#### TASK TO CARRY OUT:
Send back the line that contains "Shimano SH MT" and all lines following it through the end of the data below, exactly, omitting pictures.

#### STORED DATA:
=== Begin Enclosure ===

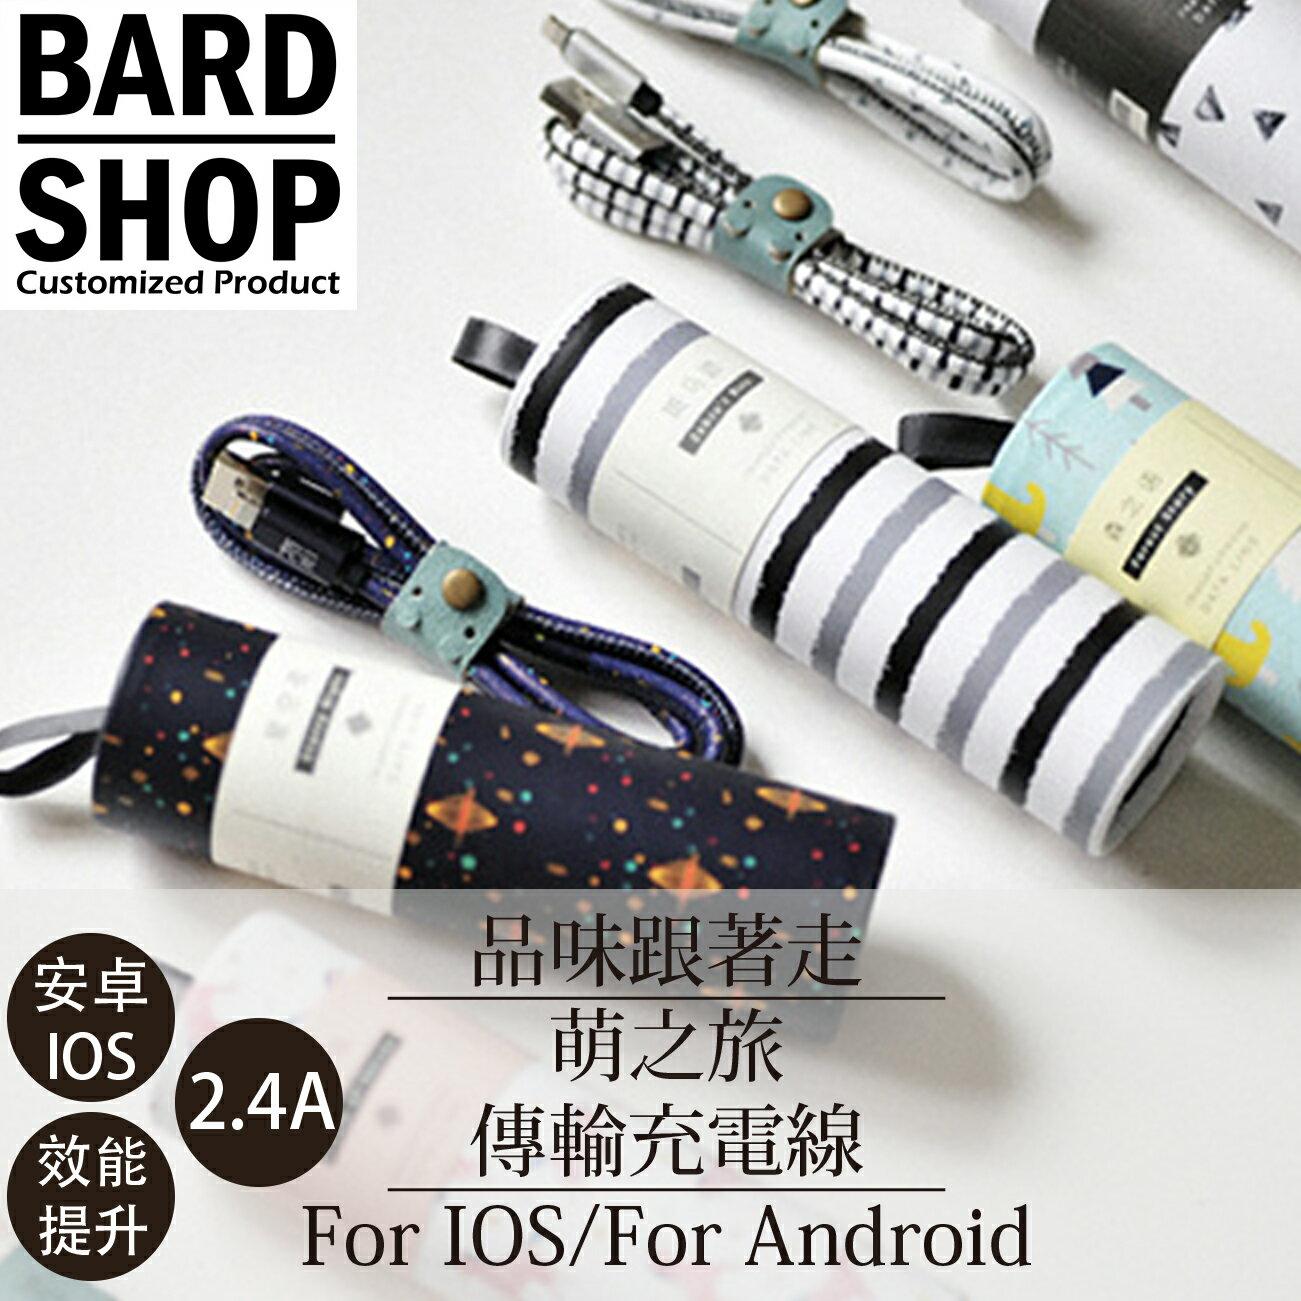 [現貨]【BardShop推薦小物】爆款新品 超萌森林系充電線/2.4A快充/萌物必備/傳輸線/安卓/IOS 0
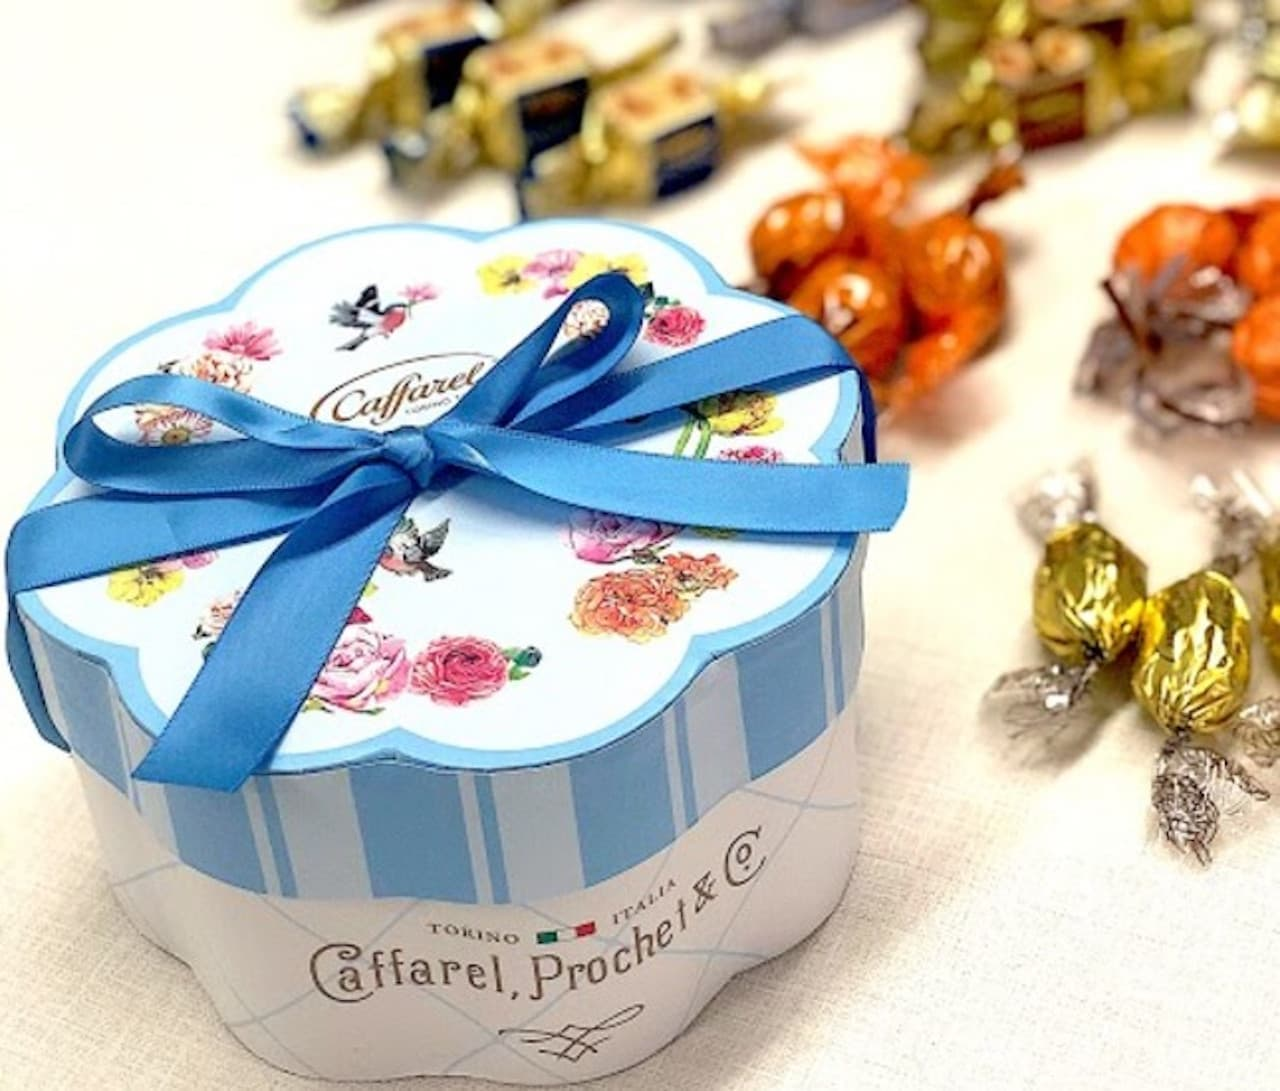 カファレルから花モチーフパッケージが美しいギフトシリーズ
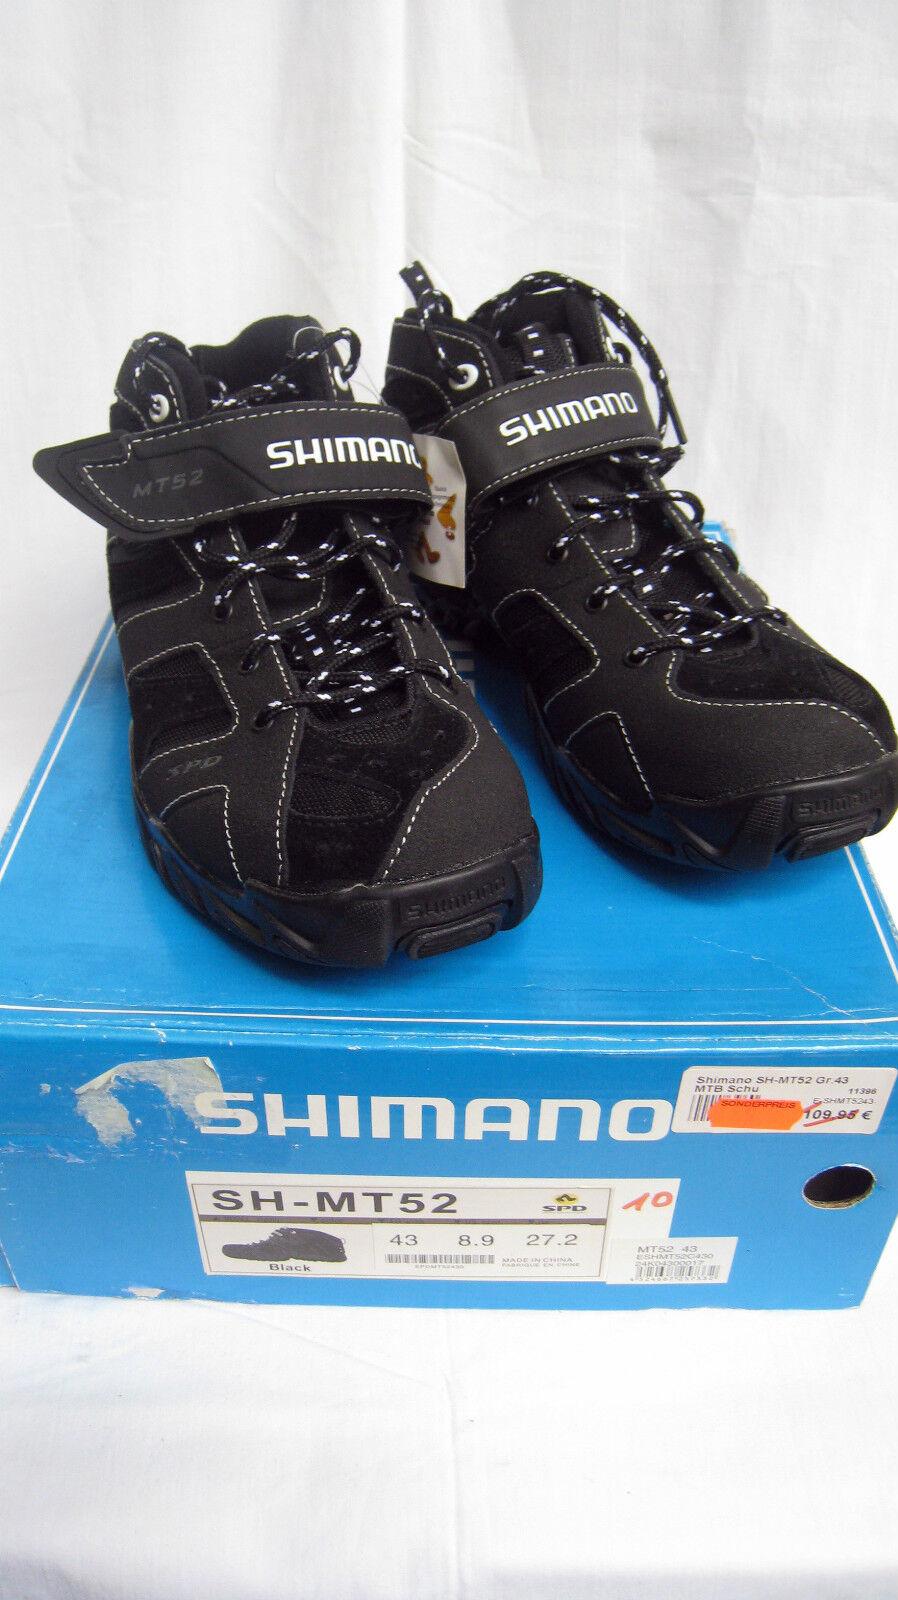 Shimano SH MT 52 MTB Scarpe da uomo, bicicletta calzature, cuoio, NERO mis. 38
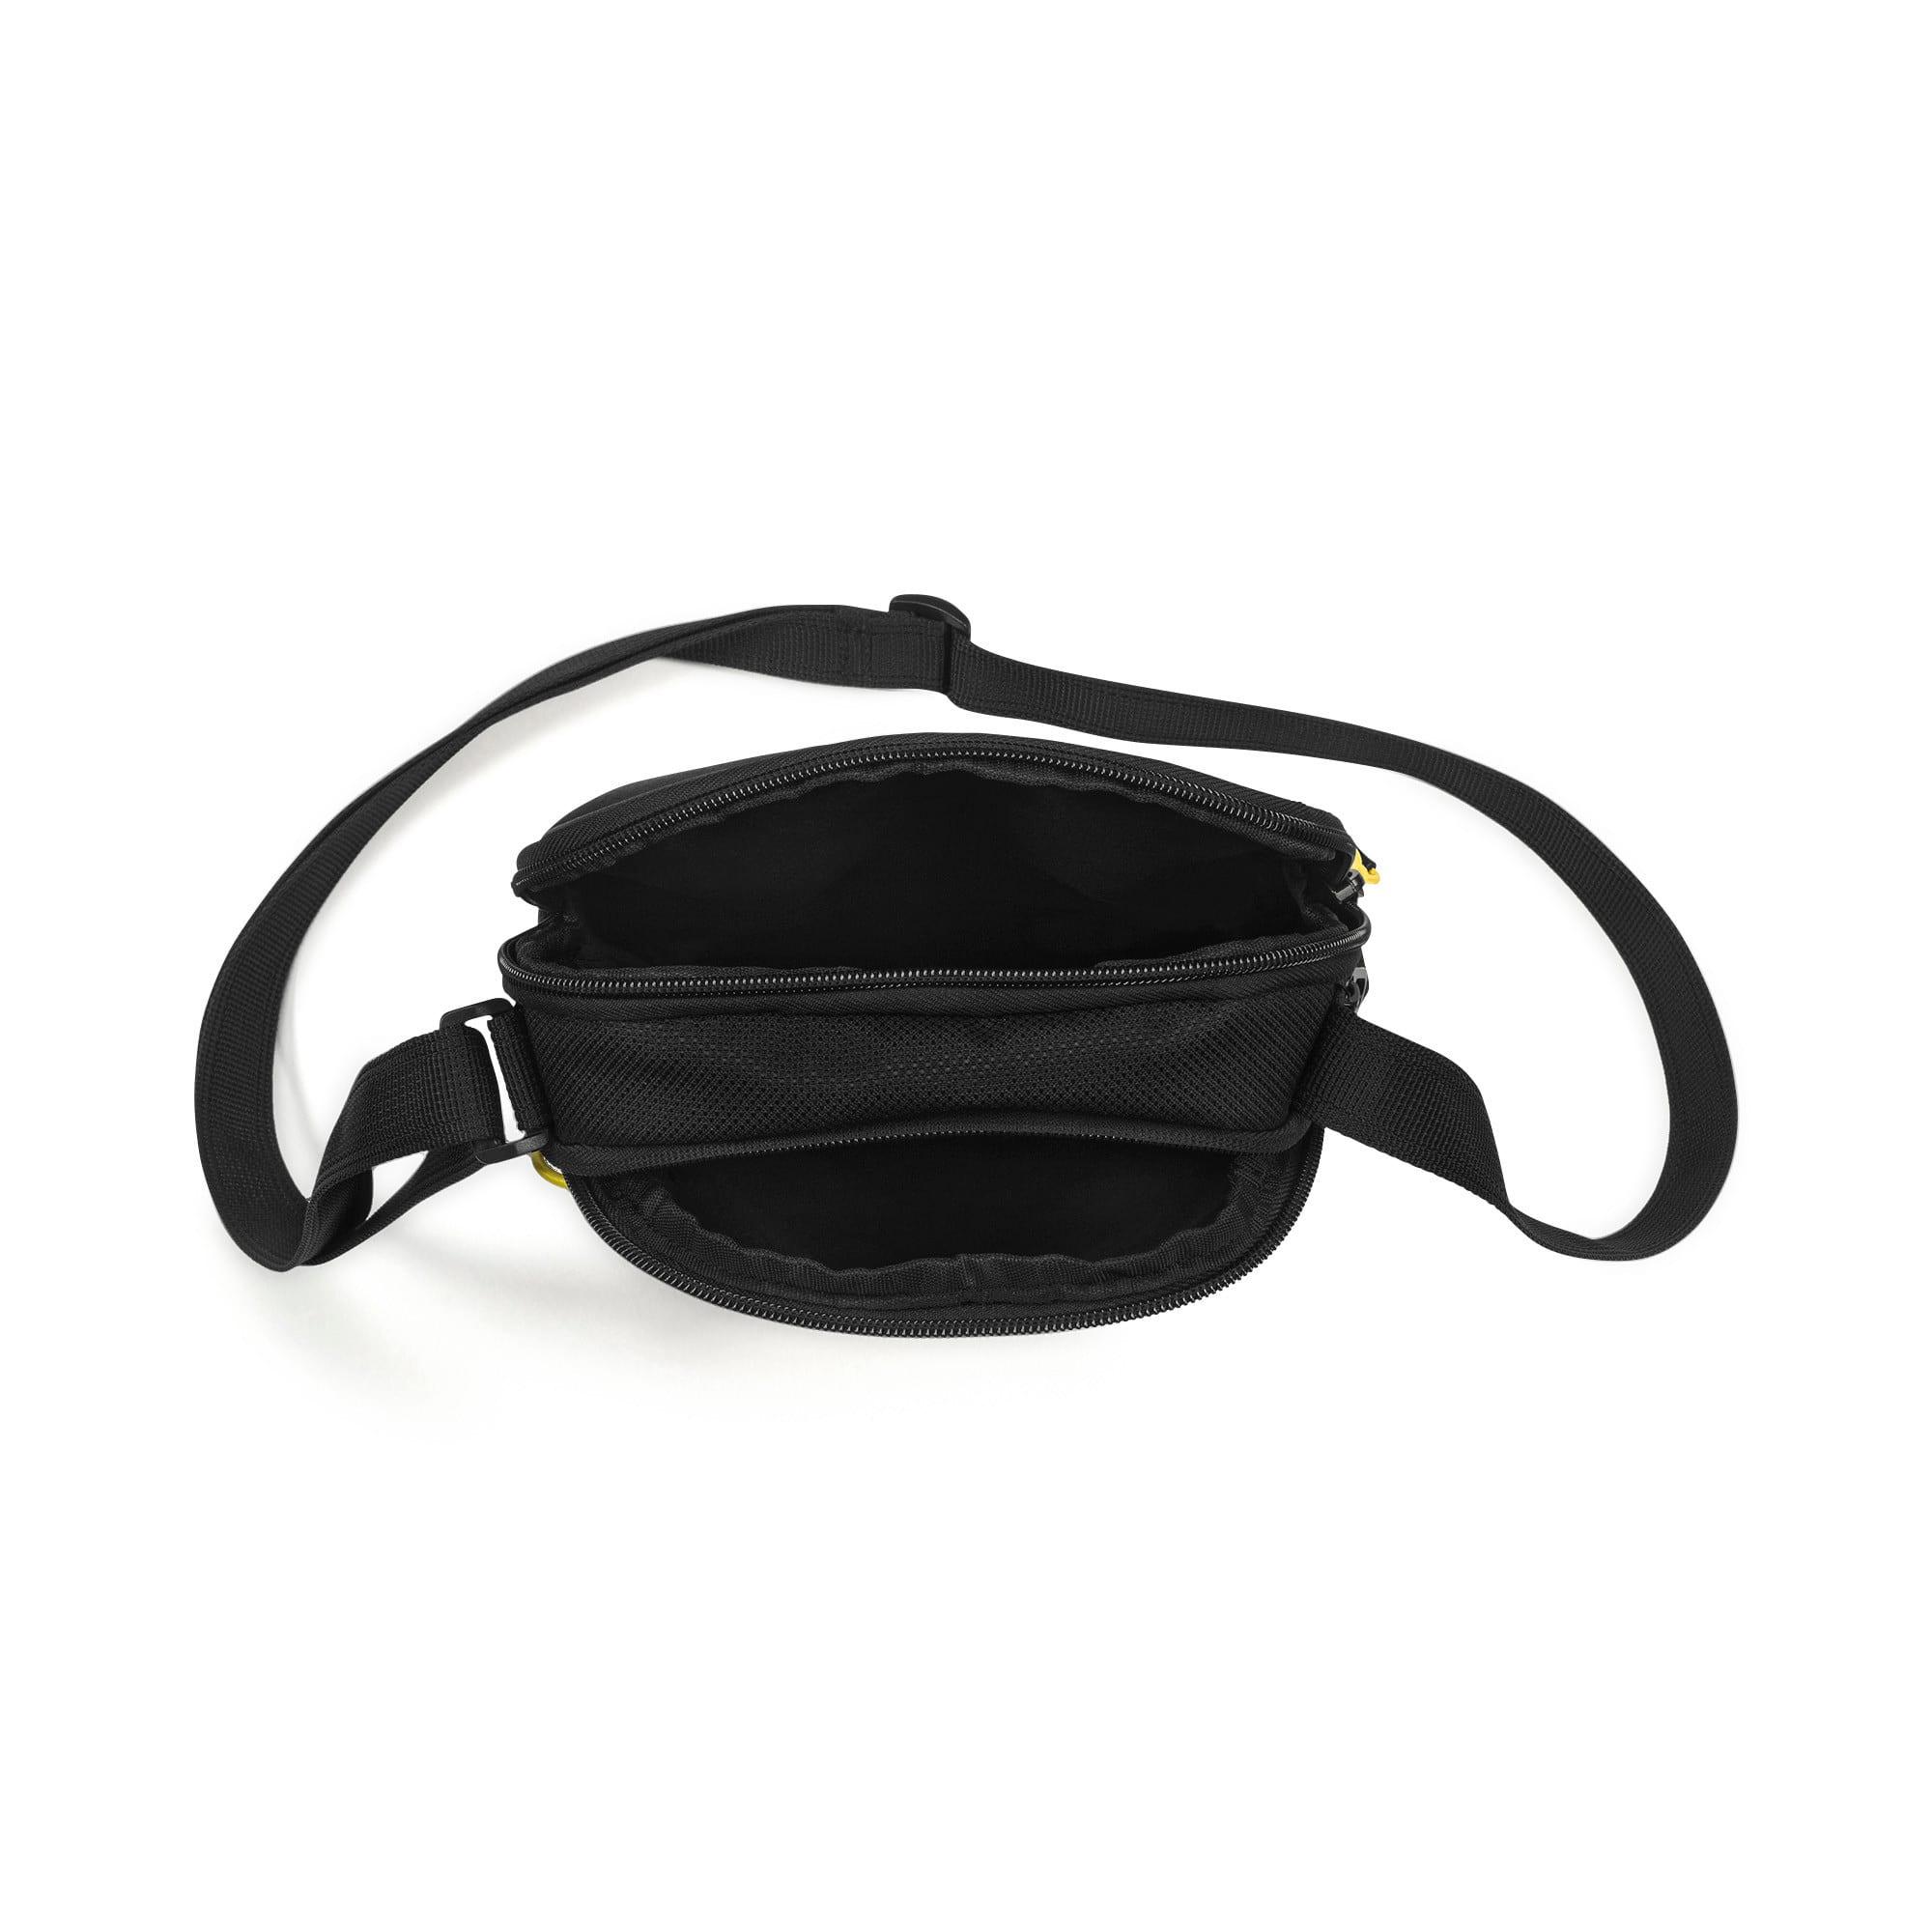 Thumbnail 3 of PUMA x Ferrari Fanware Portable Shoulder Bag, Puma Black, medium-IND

=== End Enclosure ===

#### ANSWER BOX:
 Shimano SH MT 52 MTB Scarpe da uomo, bicicletta calzature, cuoio, NERO mis. 38
 Thumbnail 3 of PUMA x Ferrari Fanware Portable Shoulder Bag, Puma Black, medium-IND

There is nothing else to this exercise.